Те, которые заступили сейчас место умерших "столпов" эмиграции, люди совсем иной биографии. Они выросли на узкой арене эмигрантских дрязг, свою политическую карьеру не закончили, а начали банкротством, обиванием порогов, прислуживанием иностранным хозяевам. Активная роль некоторых из них сводилась к посильной помощи гитлеровским захватчикам в борьбе с советскими партизанами; они знают, что могут быть использованы только в качестве платных прислужников, и все их мечты ограничиваются возможно большей наживой.

И вот нашлись господа, преимущественно из эмигрантских неудачников, уже служивших кому угодно и решительно никого не представляющих, которые охотно нанялись на доллары искусственно тормошить, оживлять эмиграцию, а главное, помогать органам американской разведки в "обработке" так называемых "перемещенных лиц", ничего общего со старой эмиграцией не имеющих, против своей воли вывезенных из Советского Союза, но которых этой разведке очень хотелось бы превратить в политических эмигрантов.

Четыре десятилетия в человеческой жизни — огромный срок. Скажем снова: бесчисленные нити, семейные, общественные, бытовые, могут связывать теперь отдельных русских людей с той страной, где они нашли приют, но эти же четыре десятилетия вытравили у многих из них былую вражду к новой России. Рядовых русских людей, волею судьбы оставшихся на чужбине, но, по существу, давно уже переставших быть активными политическими эмигрантами, никак не следует смешивать с этой накипью неудачников, платных агентов вражеских сил.

Умерли в большинстве и лучшие и худшие представители эмиграции. Еще устраиваются в Париже вечера русских поэтов, где люди, порой одаренные, покинувшие родину уже взрослыми, изливают в стихах с каждым годом все более умиротворенную грусть. Выступают еще некоторые русские певцы, артисты, музыканты того же возраста. В Париже продолжает свою многолетнюю деятельность русская консерватория имени Рахманинова.

Но все это, конечно, уже только отзвуки прошлого, пусть нередко и полноценные, отмеченные знанием и мастерством. У Бунина, Шмелева, Ремизова и Алданова, у Шаляпина, Рахманинова, Глазунова и Гречанинова, у Коровина и у Александра Бенуа, по существу, не оказалось кровной, органической смены попросту потому, что эти люди были представителями русской культуры, которую они восприняли еще на родной земле, во не могли уже передать ее новому поколению, выросшему на чужбине.

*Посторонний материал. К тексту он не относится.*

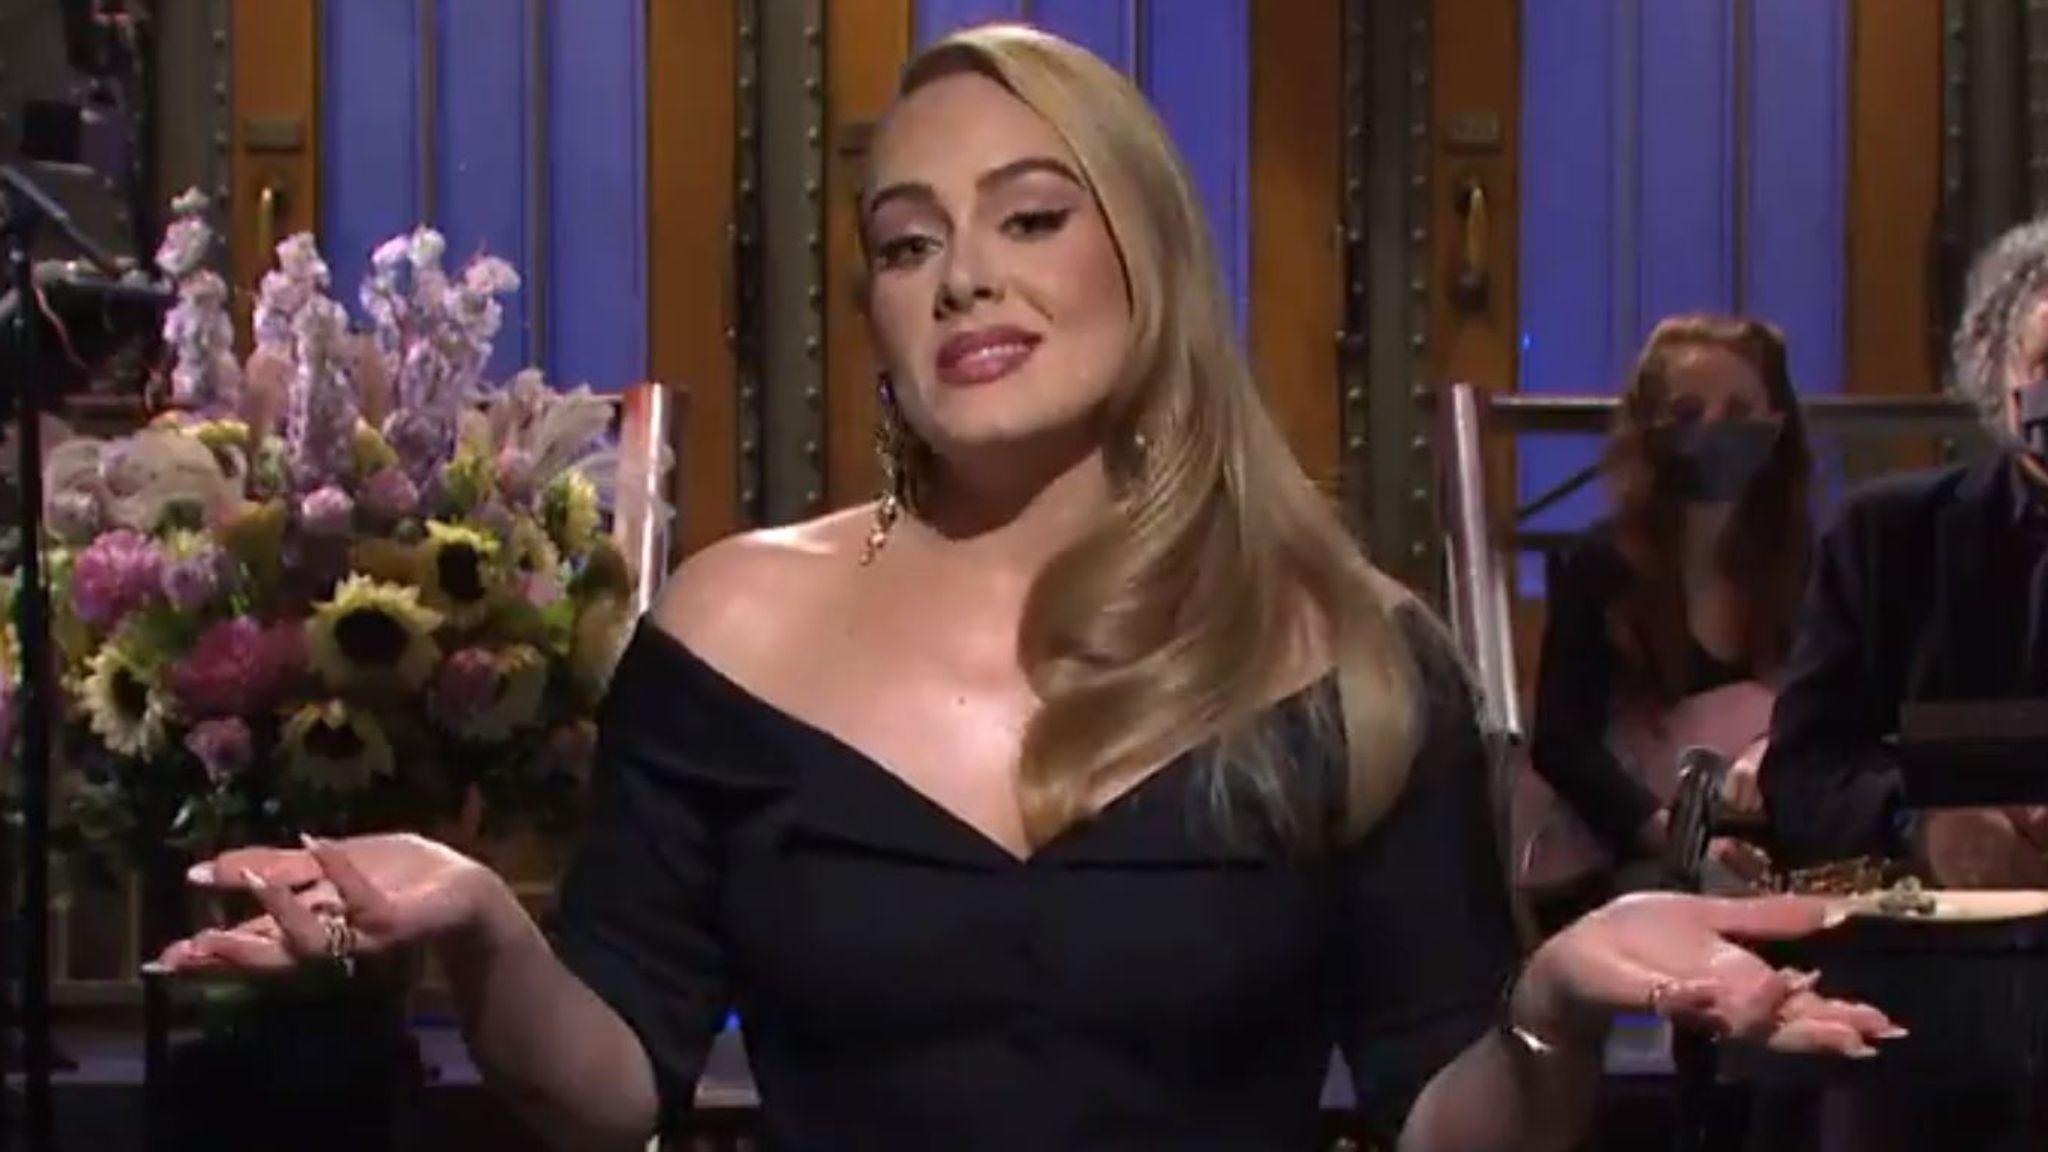 Adele κιλά: Αστειεύεται για την απώλεια των κιλών αλλά δεν μιλά για πολιτική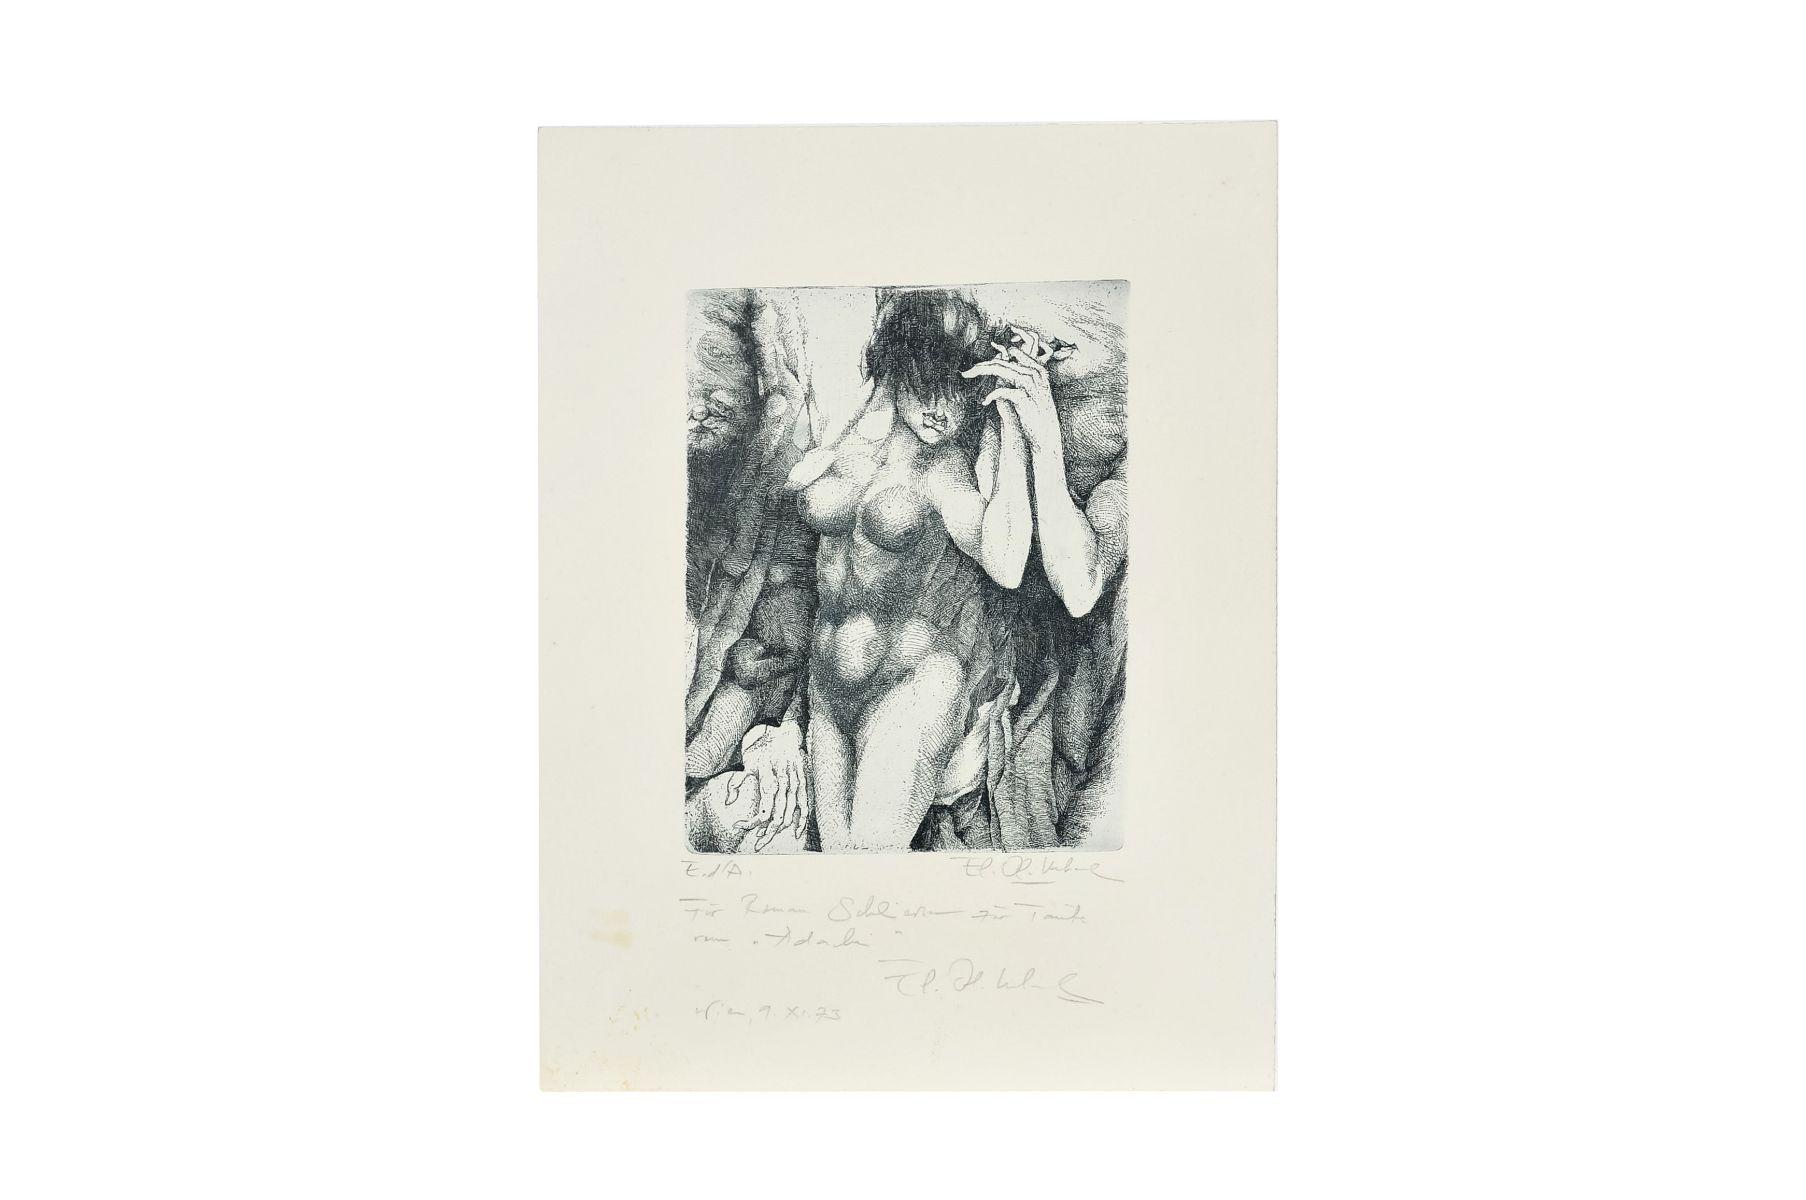 "#6 Leherb, also Maître Leherb (1933 - 1997) , ""Women nude"" | Leherb, auch Maître Leherb (1933 - 1997)  ""Frauen Akt"" Image"

И не изжита давнишняя, беспощадная эмигрантская нужда. Вот объявление в парижской русской газете! "Старый журналист ищет комнату за услугу или быть ночным сторожем". Я не знаю, кто этот старый журналист, каких он придерживался воззрений, с какими чувствами покидал некогда родину, за что ратовал, разлучавшись с ней, но так заканчивается его жизнь на чужбине.

И все же у русской эмиграции во Франции оказалась своя смена, хотя вовсе не такая, о какой мечтали эмигрантские лидеры.

Когда я был в Париже, Французская академия готовилась к торжественному приему нового "бессмертного" — романиста Анри Труайя, то есть все того же Тарасова, получившего до войны премию Гонкуров.

Случай совершенно беспрецедентный: в эту святая святых французского буржуазного мира, в это сообщество именитейших представителей официальных верхов французской культуры оказался избранным армянин-эмигрант, мальчиком вывезенный семьей из России.

Насколько я знаю, Анри Труайя к активной политике не был причастен. Он автор монографий о Пушкине, Лермонтове, Гоголе, Достоевском, несомненно содействовавших популяризации во Франции русской классической литературы, а также множества приятно написанных романов (кстати, следует подчеркнуть, что Французская академия исключительно щепетильна в том, что касается чистоты литературного языка), в которых часто фигурируют русские (в частности, один из последних его романов дает довольно яркую карти-ну пребывания русских войск в Париже после падения Наполеона).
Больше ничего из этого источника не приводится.